Now, you need to form the research question: a carefully worded question that your research will attempt to answer. One reason for forming a research question is that the purpose of research is to find answers; therefore, you need to ask a question. A question presents the problem as an enquiry. A goal, on the other hand, is a statement of intent, and in itself, it implies certain things about the topic. Take the goal: To identify common areas of written English grammar deficit among low to middle level managers in Asian economies.

The assumption in that statement is that there are common areas of written grammar deficit in the target group. Also, the function of a goal is to focus on an outcome, whereas the function of a question is to stimulate discovery or learning. Forming the goal into a question removes the assumption hidden in the goal and creates a more open-ended research thesis.

Consider the following research question that can be derived from the above-stated goal: What common areas of written English grammar deficit can be found among low to middle level managers in Asian economies? Or let’s try a more neutral question: Are there common areas on written English grammar deficit among low to middle managers in Asian economies?


Other Questions to Clarify the Research Goal

The second question should only be asked after you have answered the first question. The second question is: What do I need to know?

This means, what do I need to know in order to achieve the research goal, both for myself and the intended audience. In the case of the online English school, the answer might be: I need to know what areas of grammar low to middle level managers perceive as being problematic, and in what areas of grammar their staff and employers perceive them to be deficient. (You can see how more focused goals can begin to suggest avenues of research).


A third question might be: What do I want to know?

This could include information that is of particular interest to the researcher (such as, what prior grammar training these people have received, or current social perceptions and values regarding the learning of grammar), or it could include information that you think the intended audience might want to know but that is not essential to achieving the research goal (e.g. levels of grammar used by low to middle-level managers in other countries).

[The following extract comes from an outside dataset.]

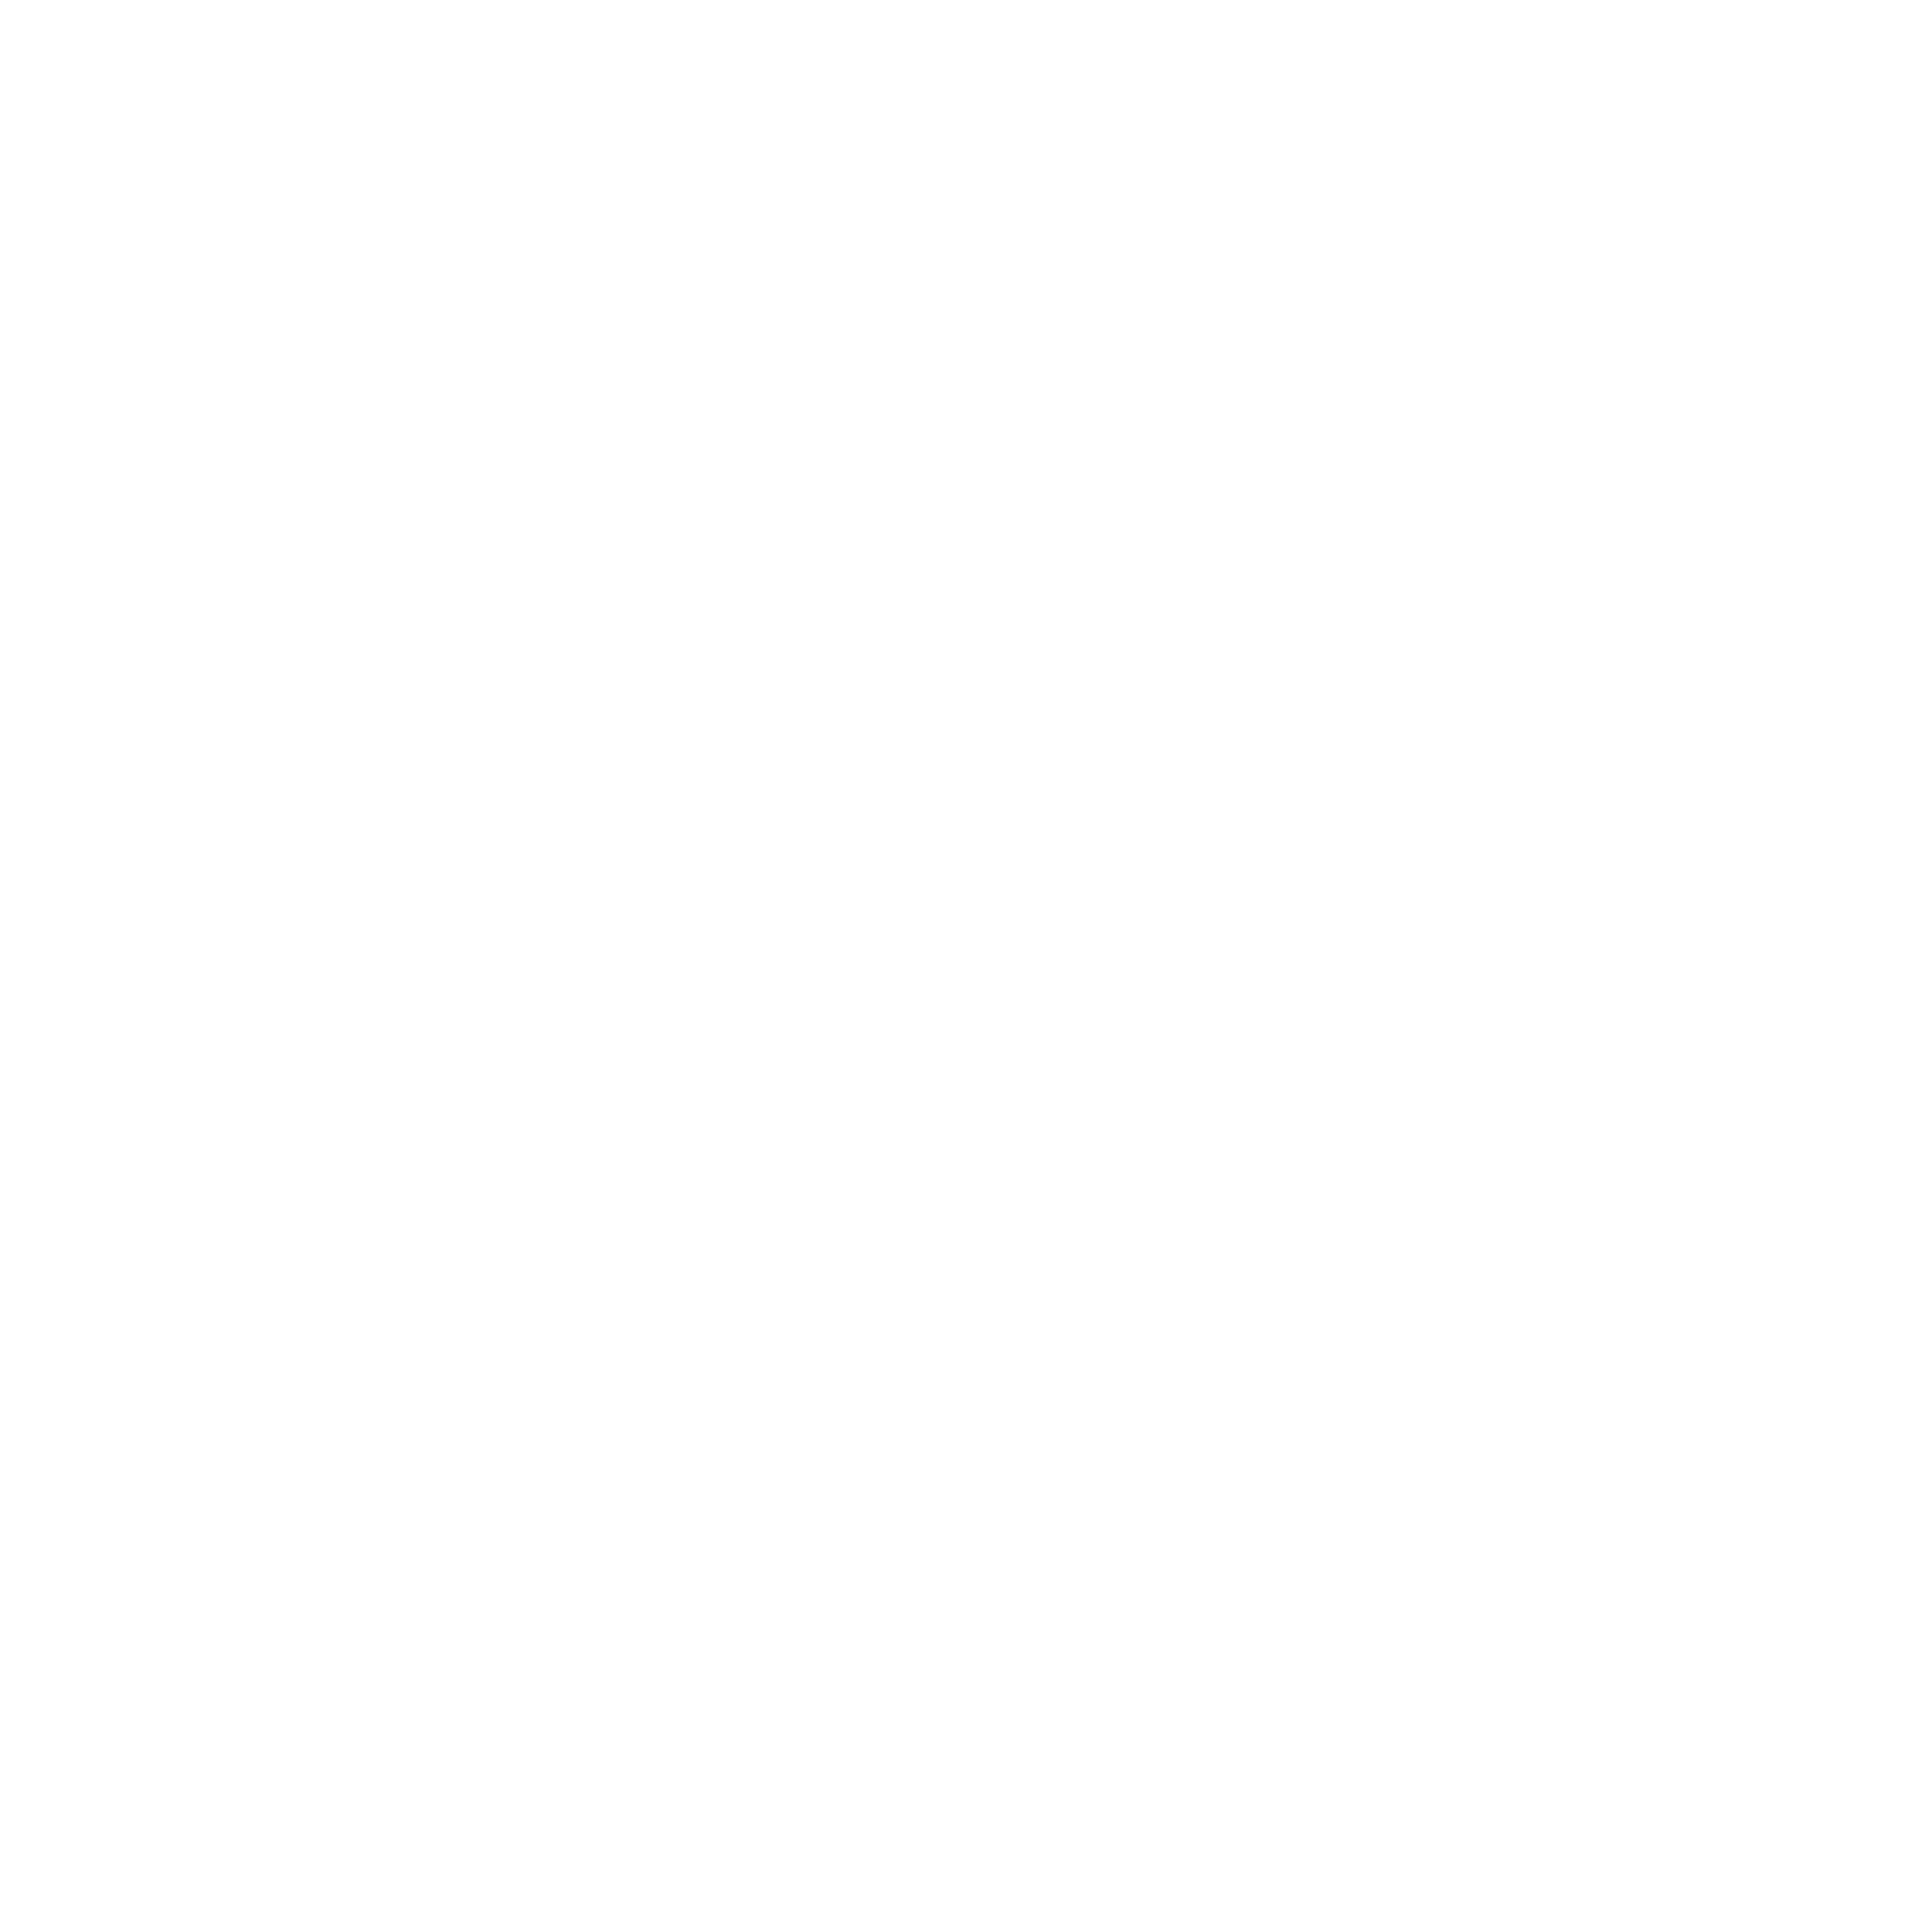 Daryl Grob

What Can This Course Do For Me?

Being able to conduct and understand research is a valuable skill to have. Not only can you explore areas of interest within the field of horticulture, but you can make sense of research which has been undertaken by others and determine how useful it is. Research is the backbone of all sciences. It is through research that new ideas and theories are born. Research is valuable both for personal development and the advancement of horticulture. This course will be of value to people wishing to work in:

  • Horticulture research
  • Teaching
  • Horticultural science
  • Plant breeding
  • Botany
  • General horticulture

Horticulture research is also suited to people who have a genuine interest in learning more about their field of interest, and even to those with little background in horticulture.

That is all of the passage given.